-- Study material --

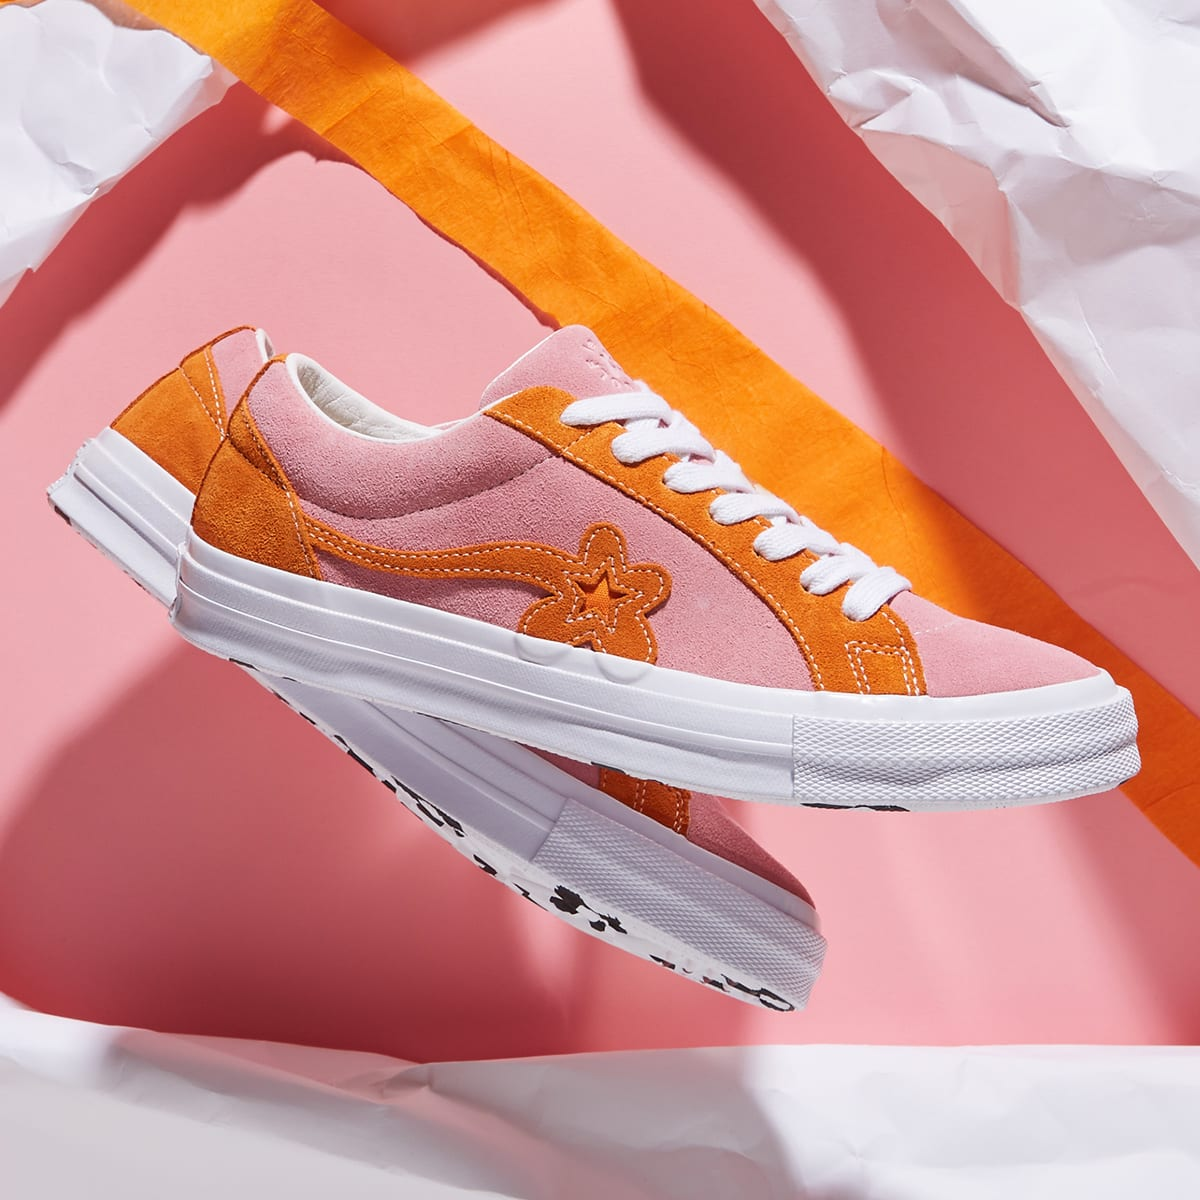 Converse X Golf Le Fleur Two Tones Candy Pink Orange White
==
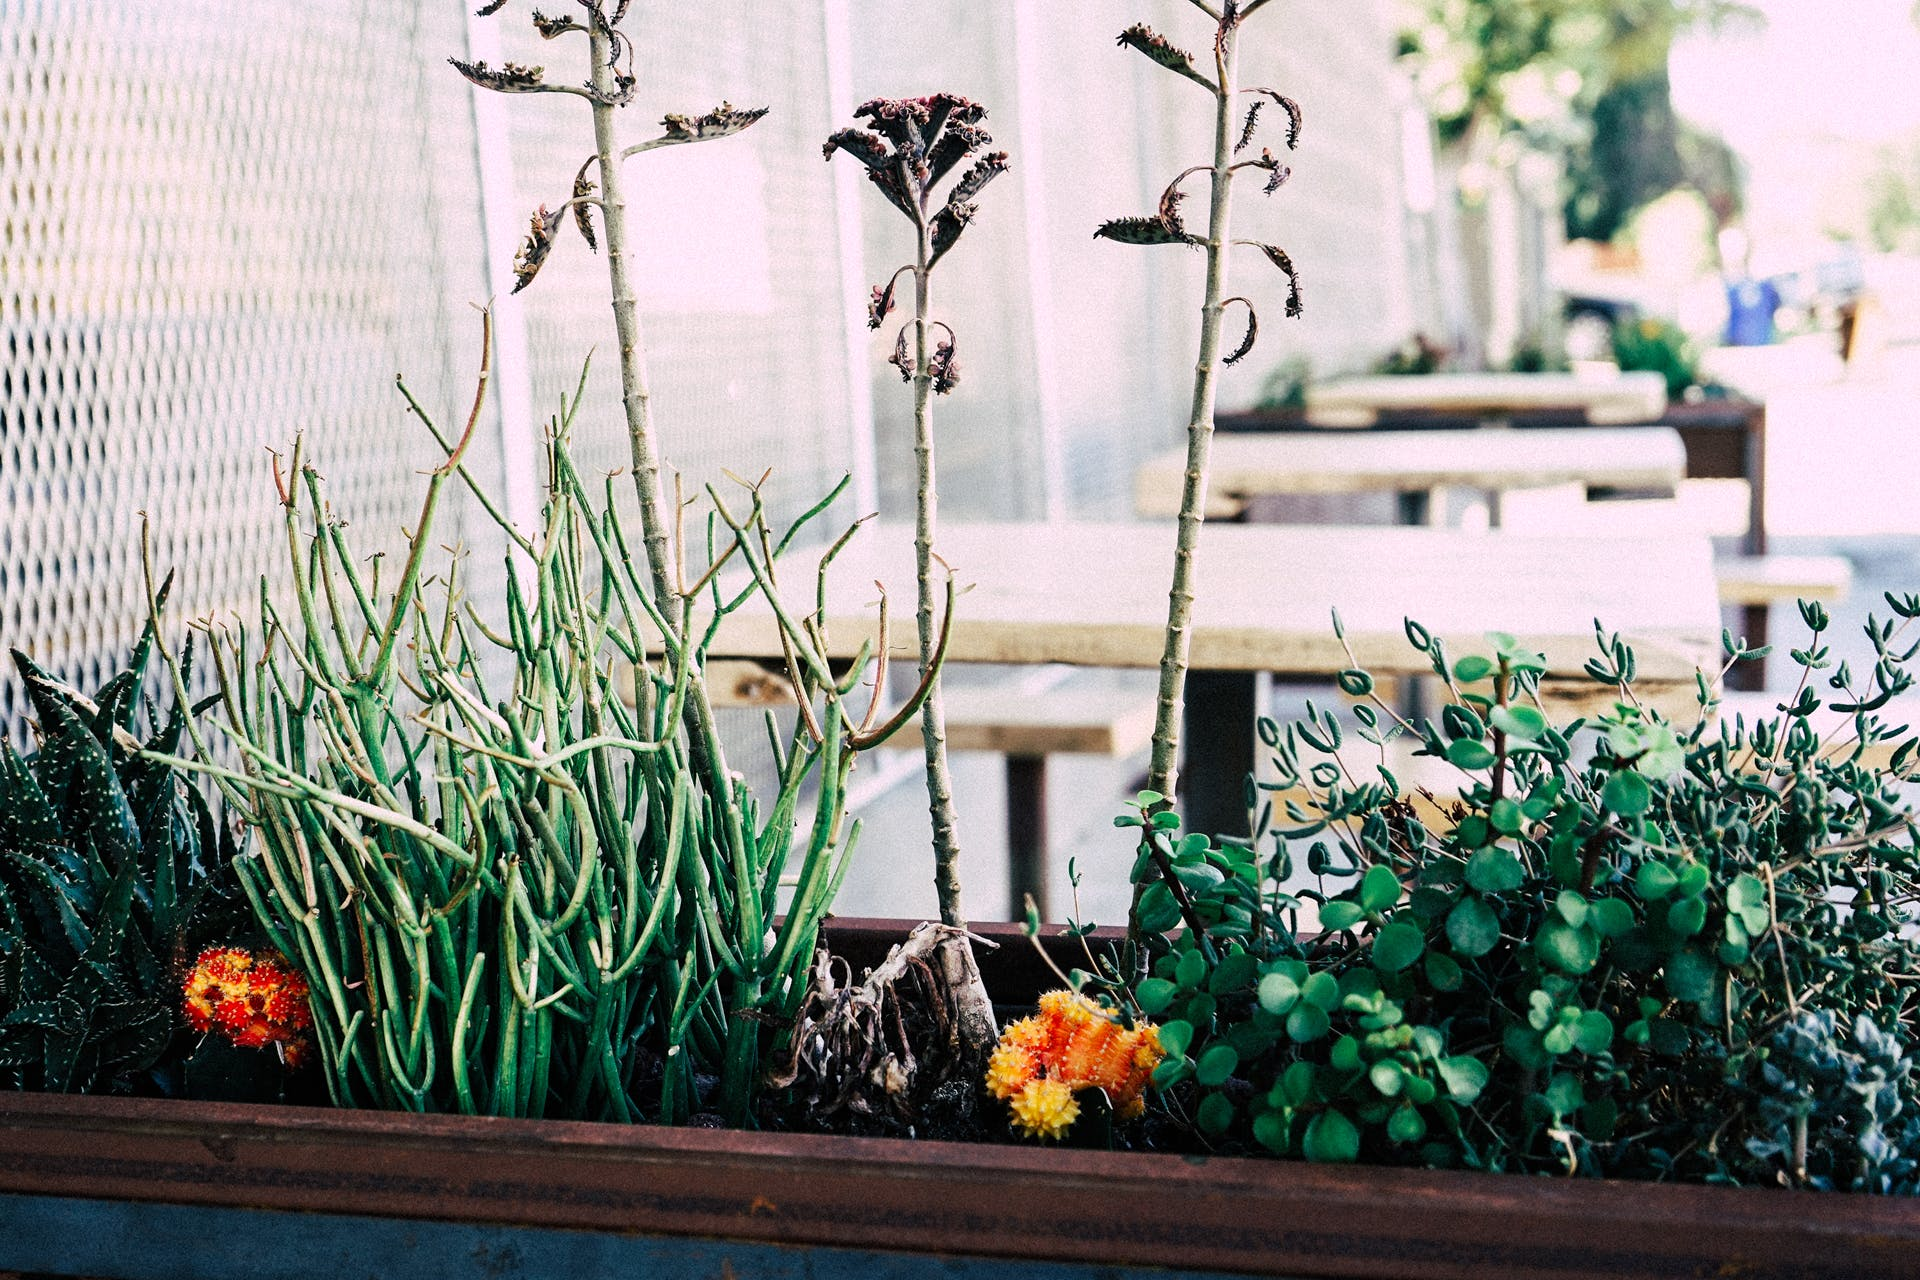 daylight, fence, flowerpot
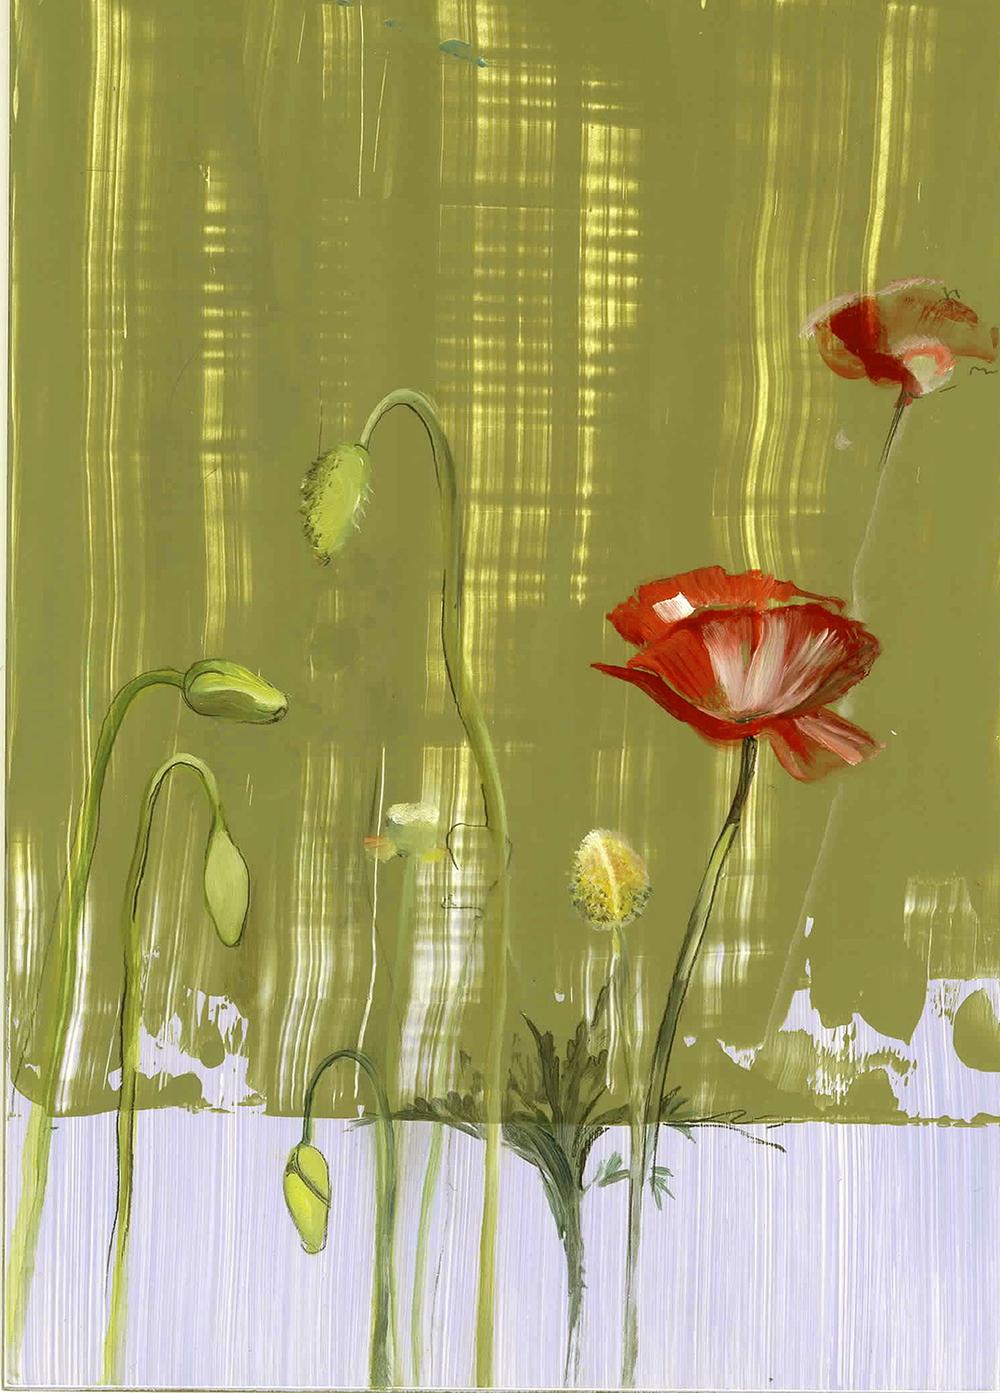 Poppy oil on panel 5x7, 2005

-- Required work --
Skip every picture, and restate word for word only the lines above from the line containing "daylight, fence, flowerpot" to the line containing "Poppy oil on panel 5x7, 2005", both of them included.

-- Output --
 daylight, fence, flowerpot
 Poppy oil on panel 5x7, 2005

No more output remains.